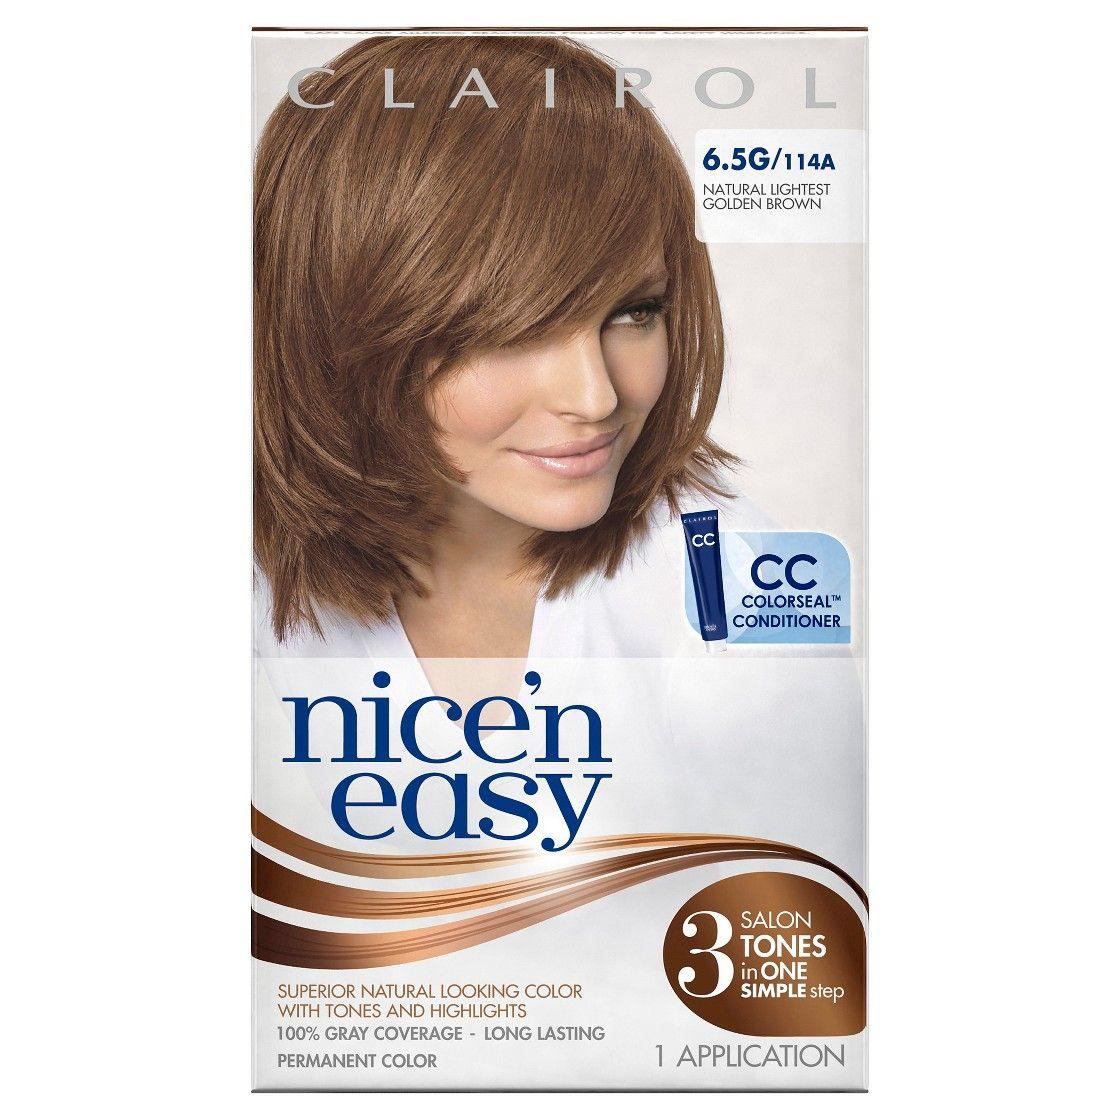 Light reddish brown hair dye
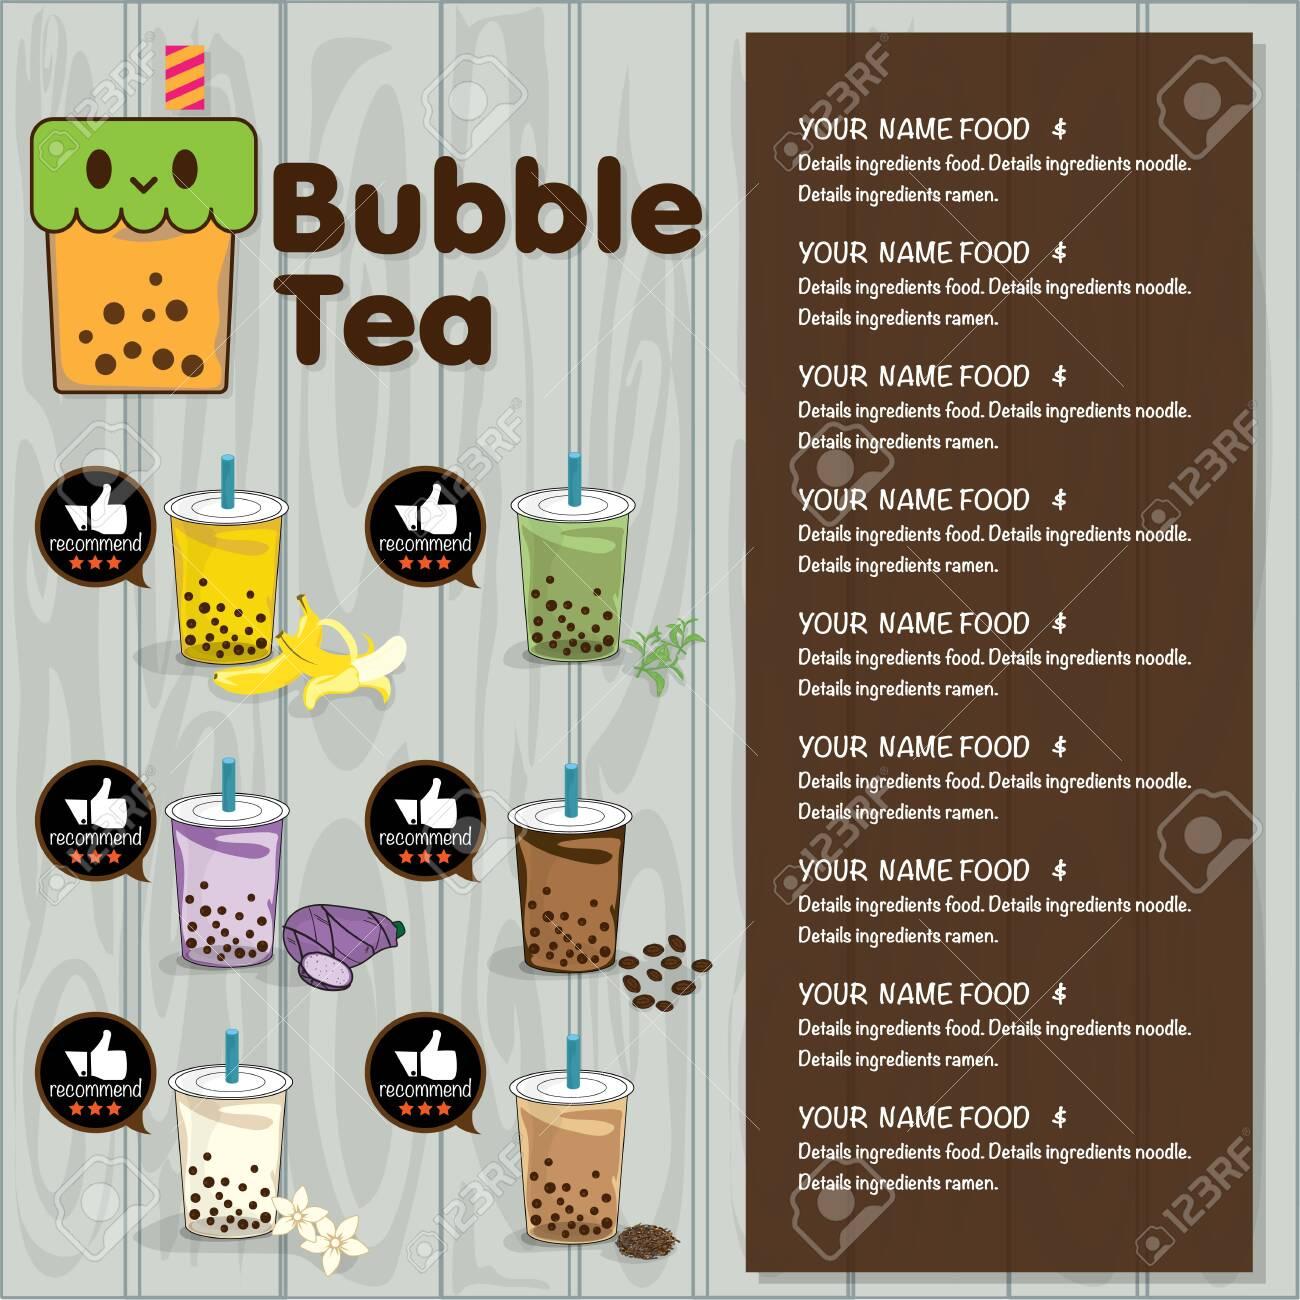 bubble tea menu graphic template - 125666373
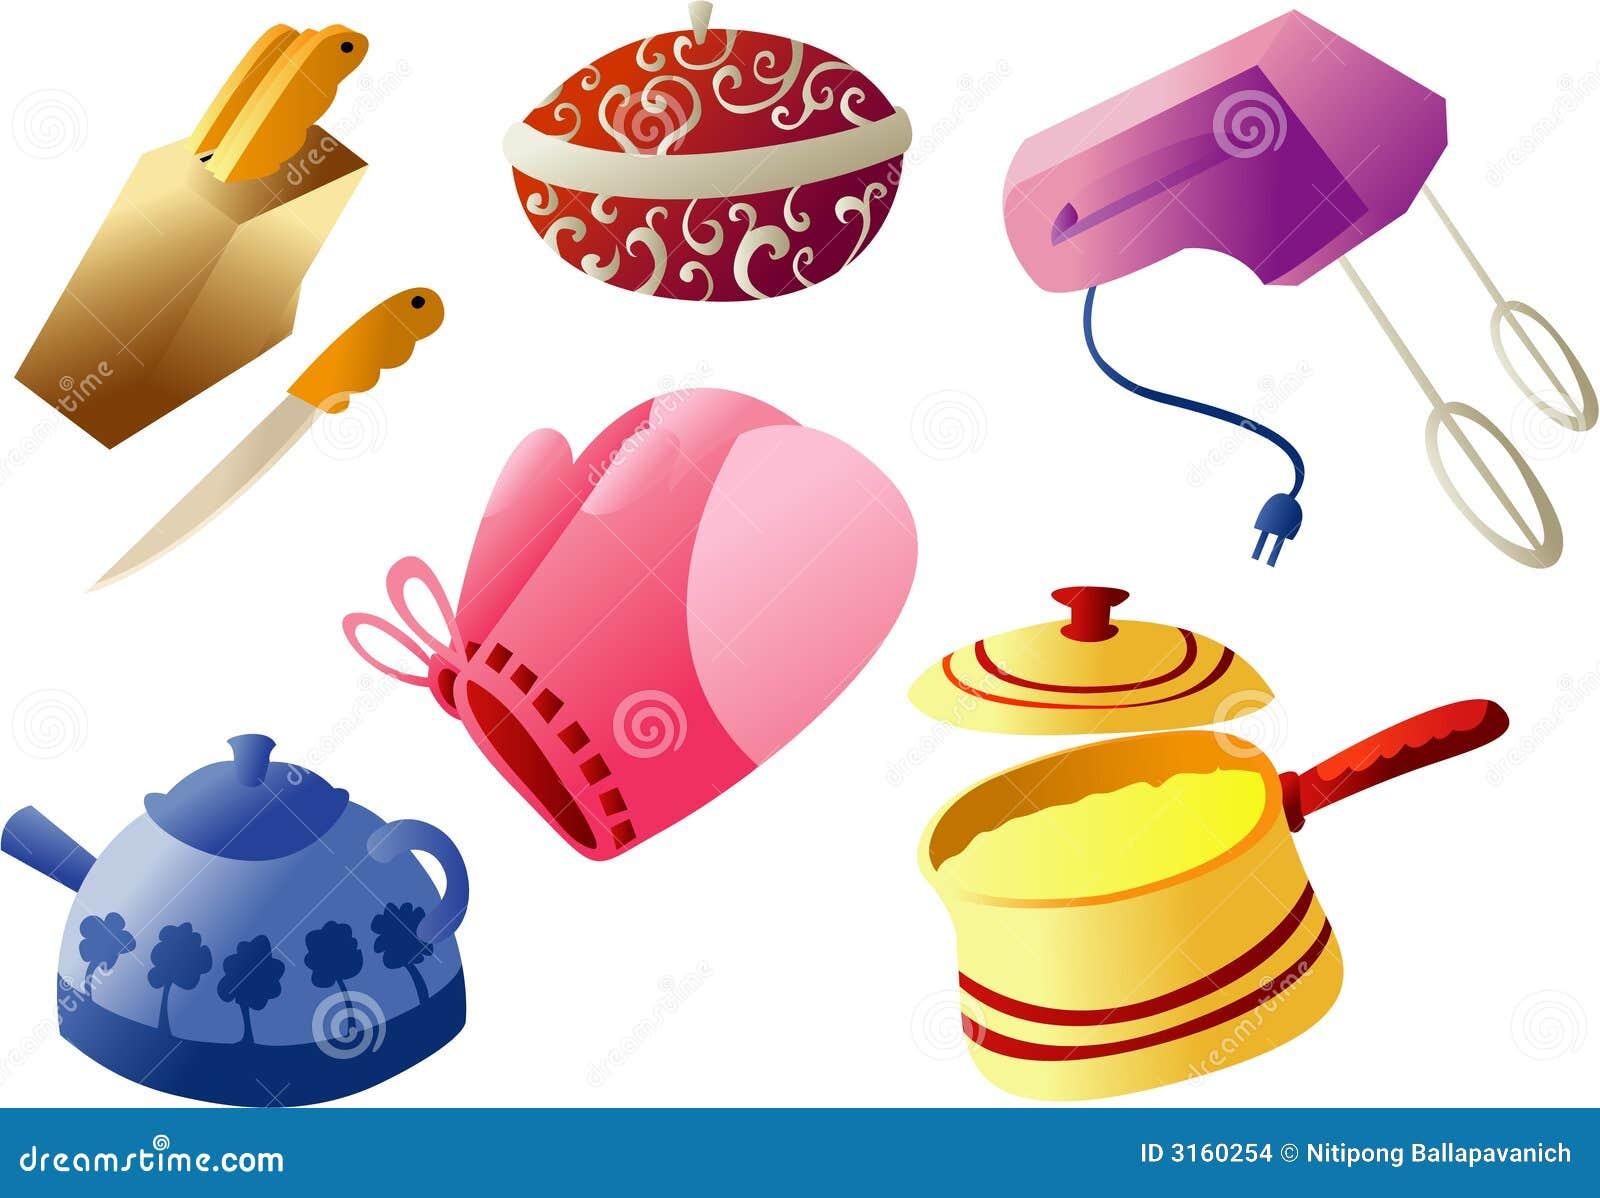 Kitchenware Cliparts Stock Vector Illustration Of Equipment 3160254

+ + + + + + +

**What the task asks**
Leave out the pictures, then reproduce exactly the run of lines from the one that contains "bubble tea menu graphic template - 125666373" to the final line of the listing above.

**Answer space**
 bubble tea menu graphic template - 125666373
 Kitchenware Cliparts Stock Vector Illustration Of Equipment 3160254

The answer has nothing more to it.